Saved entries
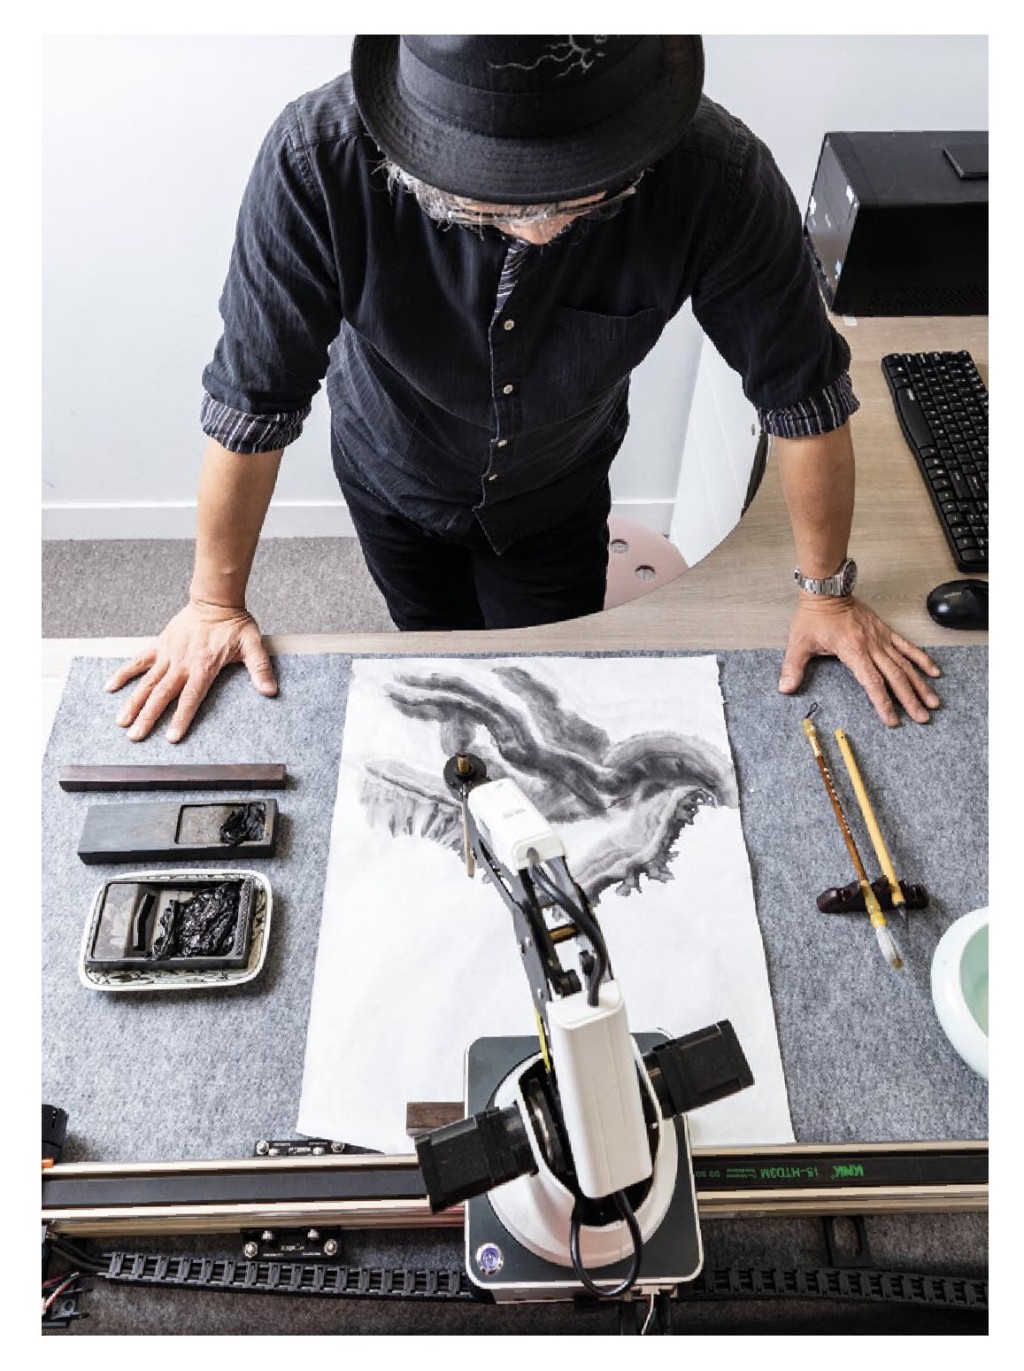 黄宏达创作了世界首个人工智能水墨艺术家A.I. Gemini（图片来源：黄宏达）  ​
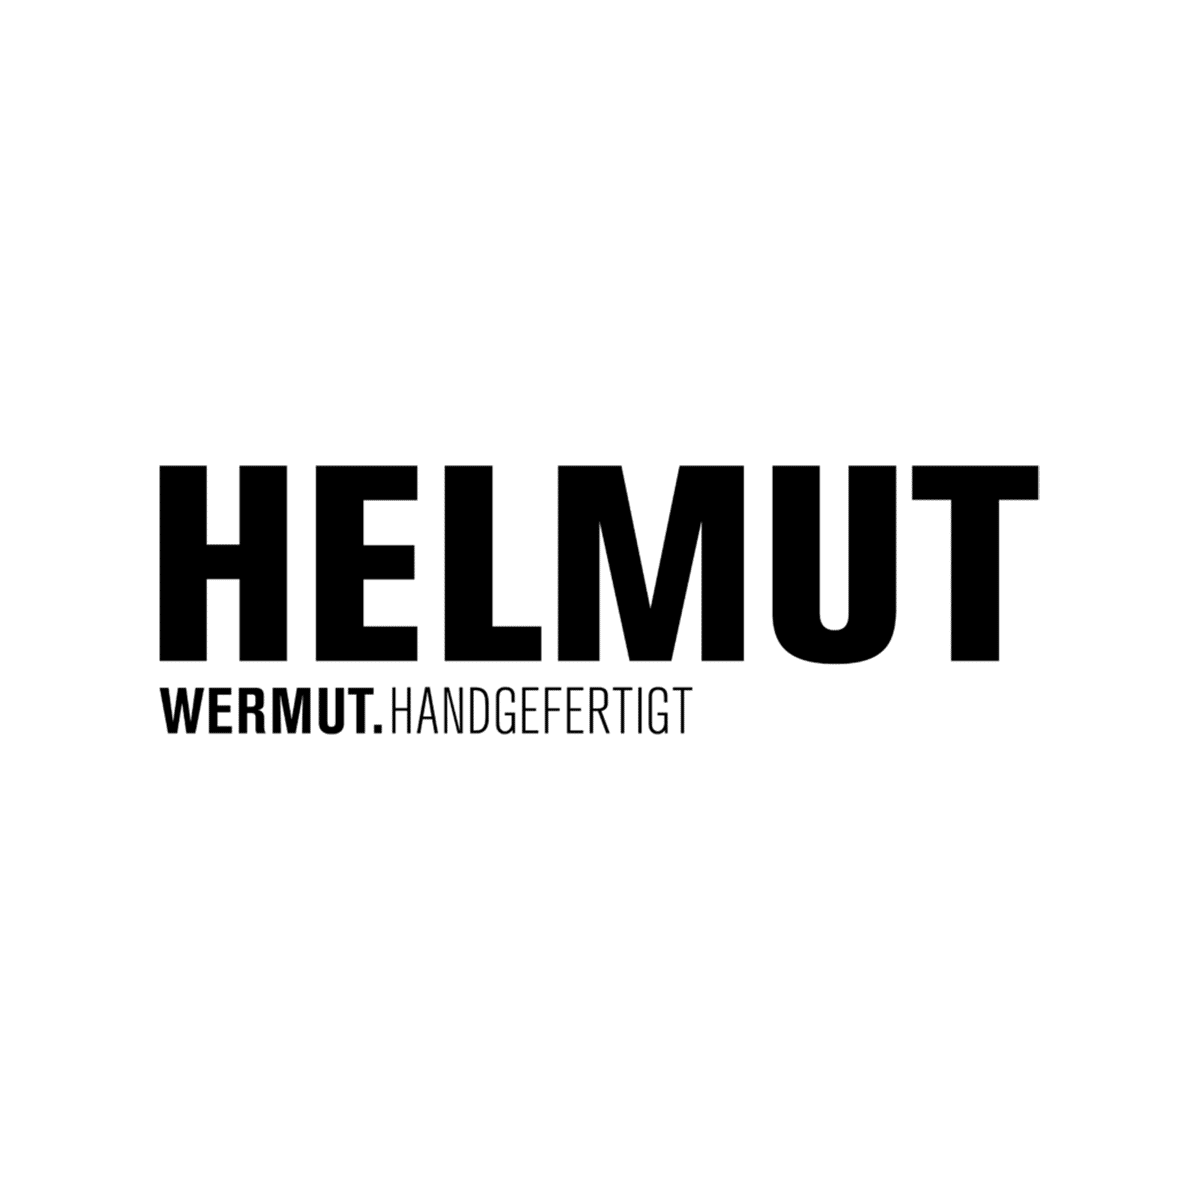 Helmut Wermut Logo
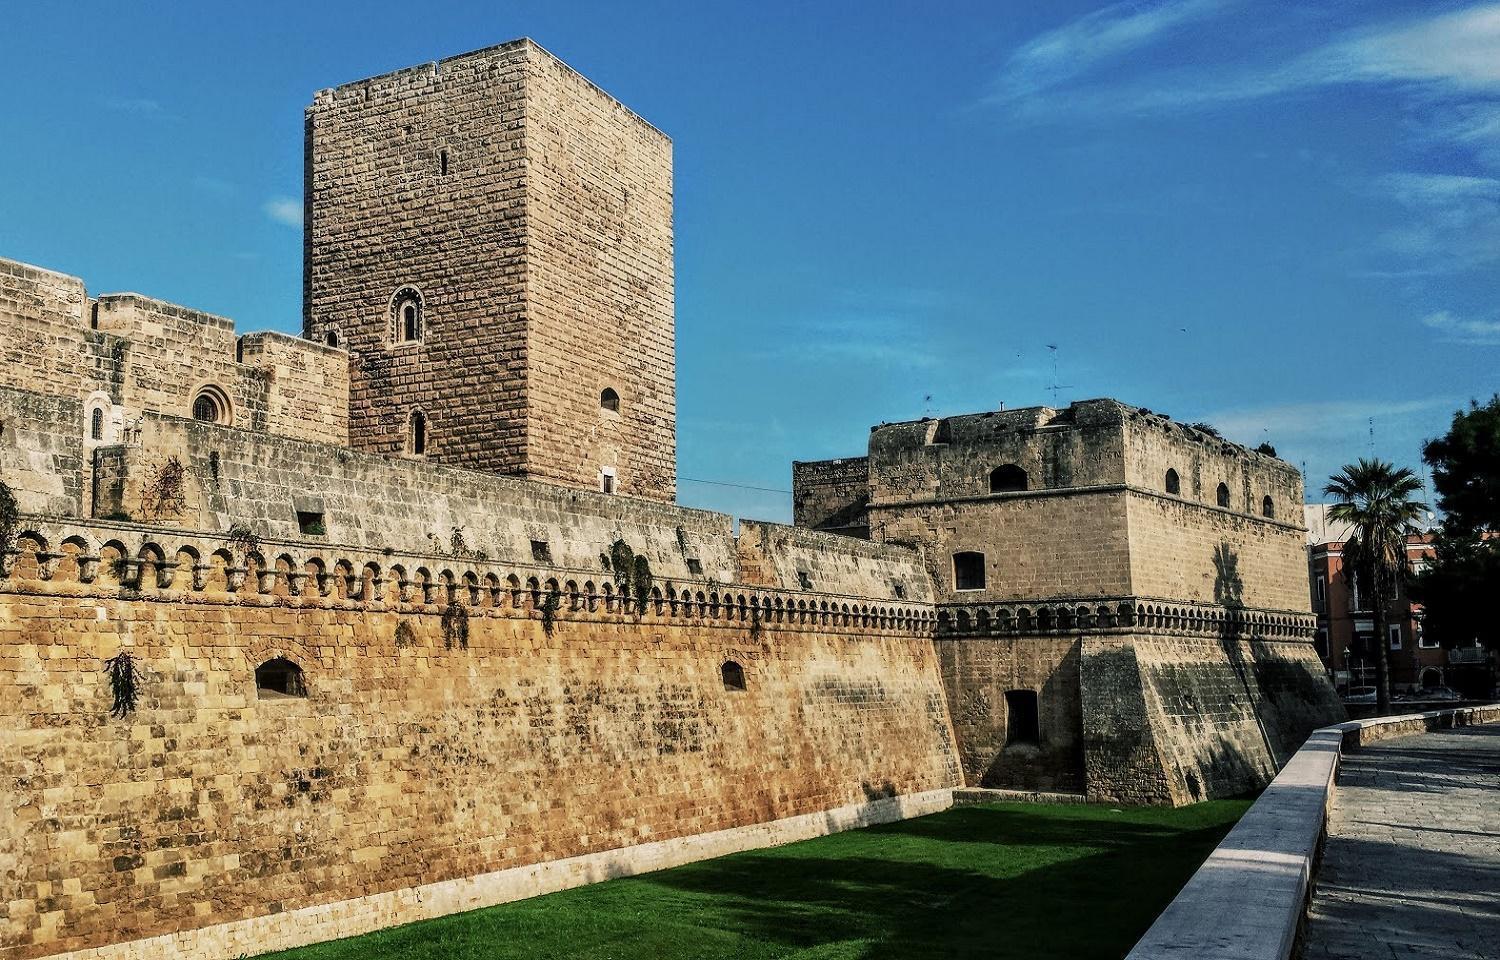 Il castello normanno-svevo di Bari, sede della mostra
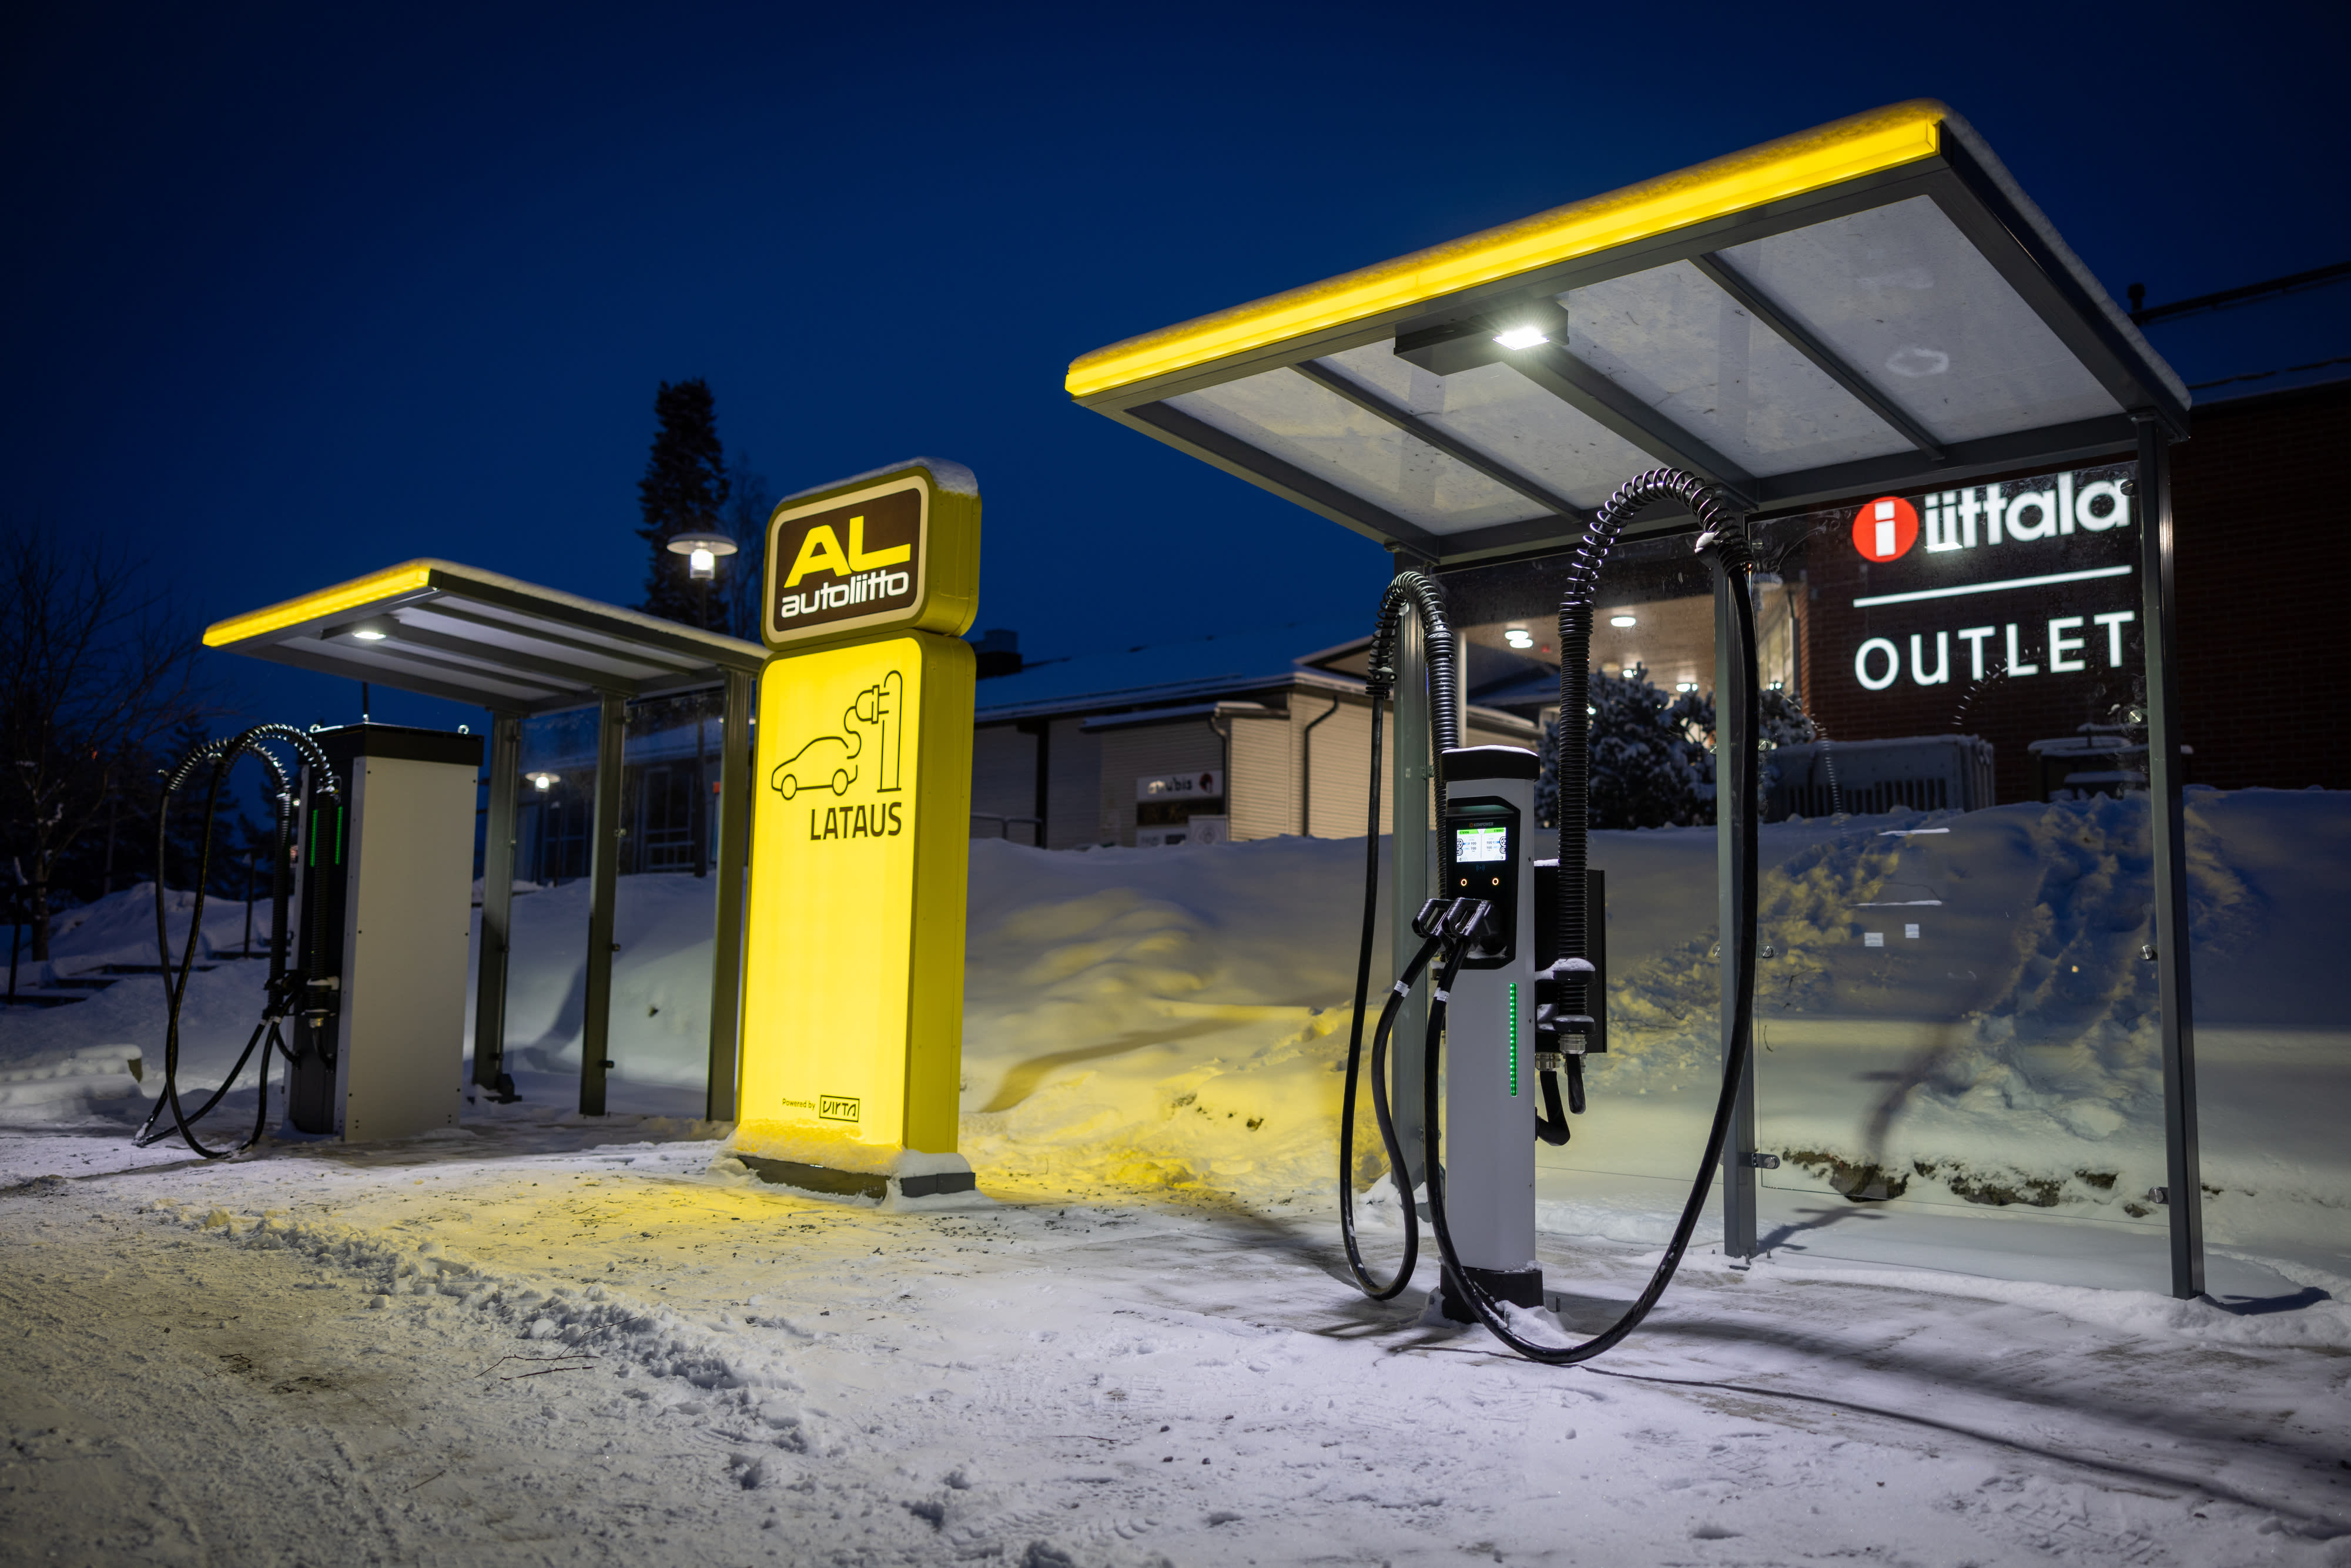 Autoilijaliitto plant ein Netz von Ladepunkten für Elektroautos in ganz Finnland
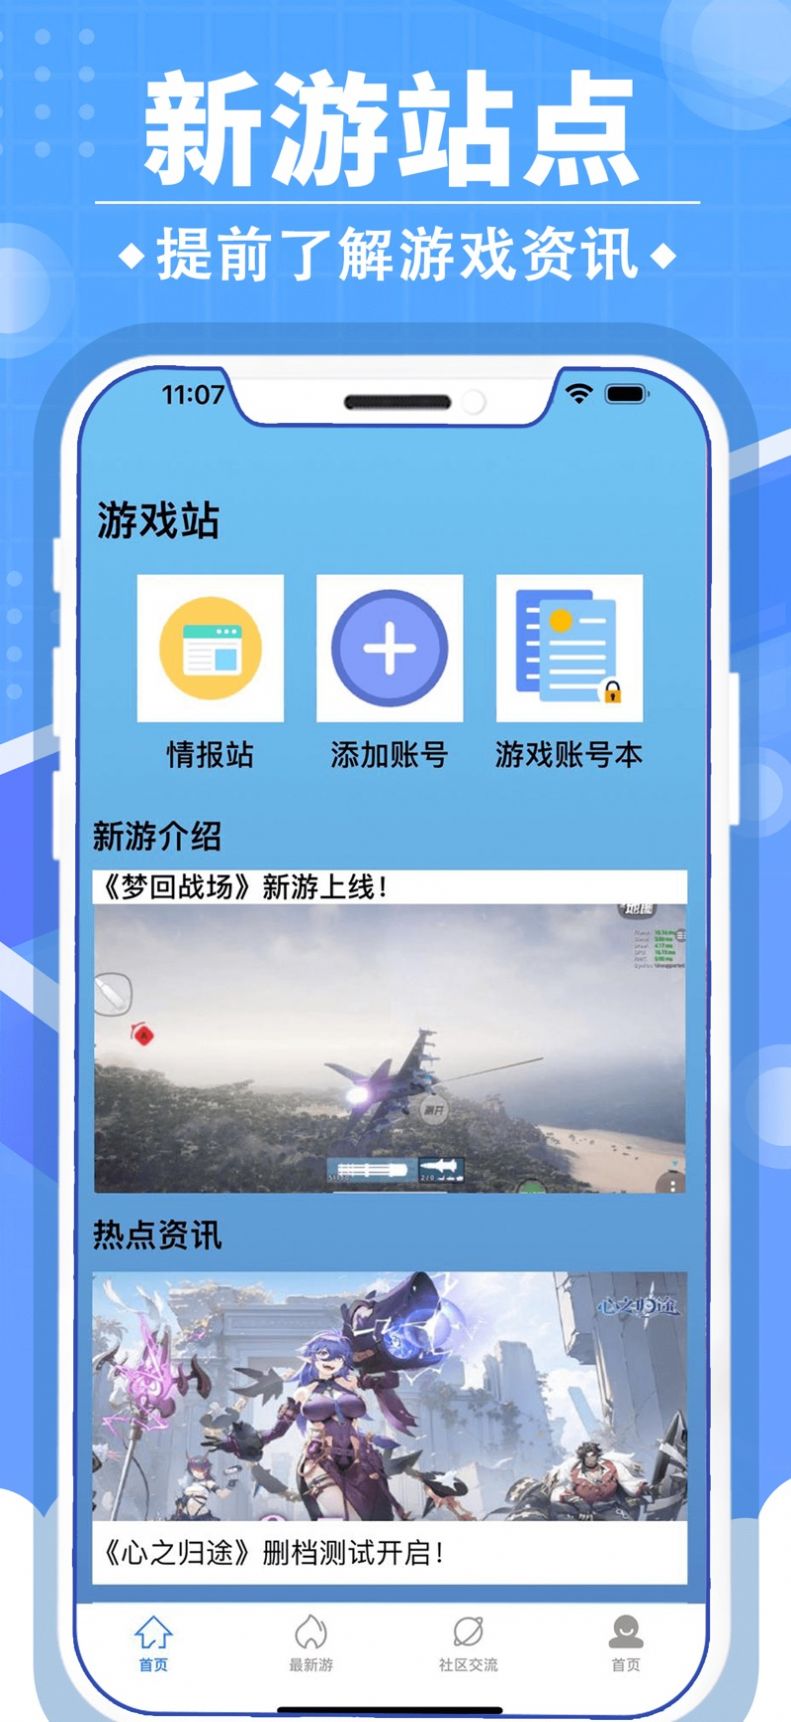 小虎游戏情报站app下载,小虎游戏情报站app官方版 v1.0.0

Task objective:
Give an exact copy of the data, and omit any pictures it holds.

Solved problem:
 黄宏达创作了世界首个人工智能水墨艺术家A.I. Gemini（图片来源：黄宏达）  ​
 Helmut Wermut Logo
 Il castello normanno-svevo di Bari, sede della mostra
 Autoilijaliitto plant ein Netz von Ladepunkten für Elektroautos in ganz Finnland
 小虎游戏情报站app下载,小虎游戏情报站app官方版 v1.0.0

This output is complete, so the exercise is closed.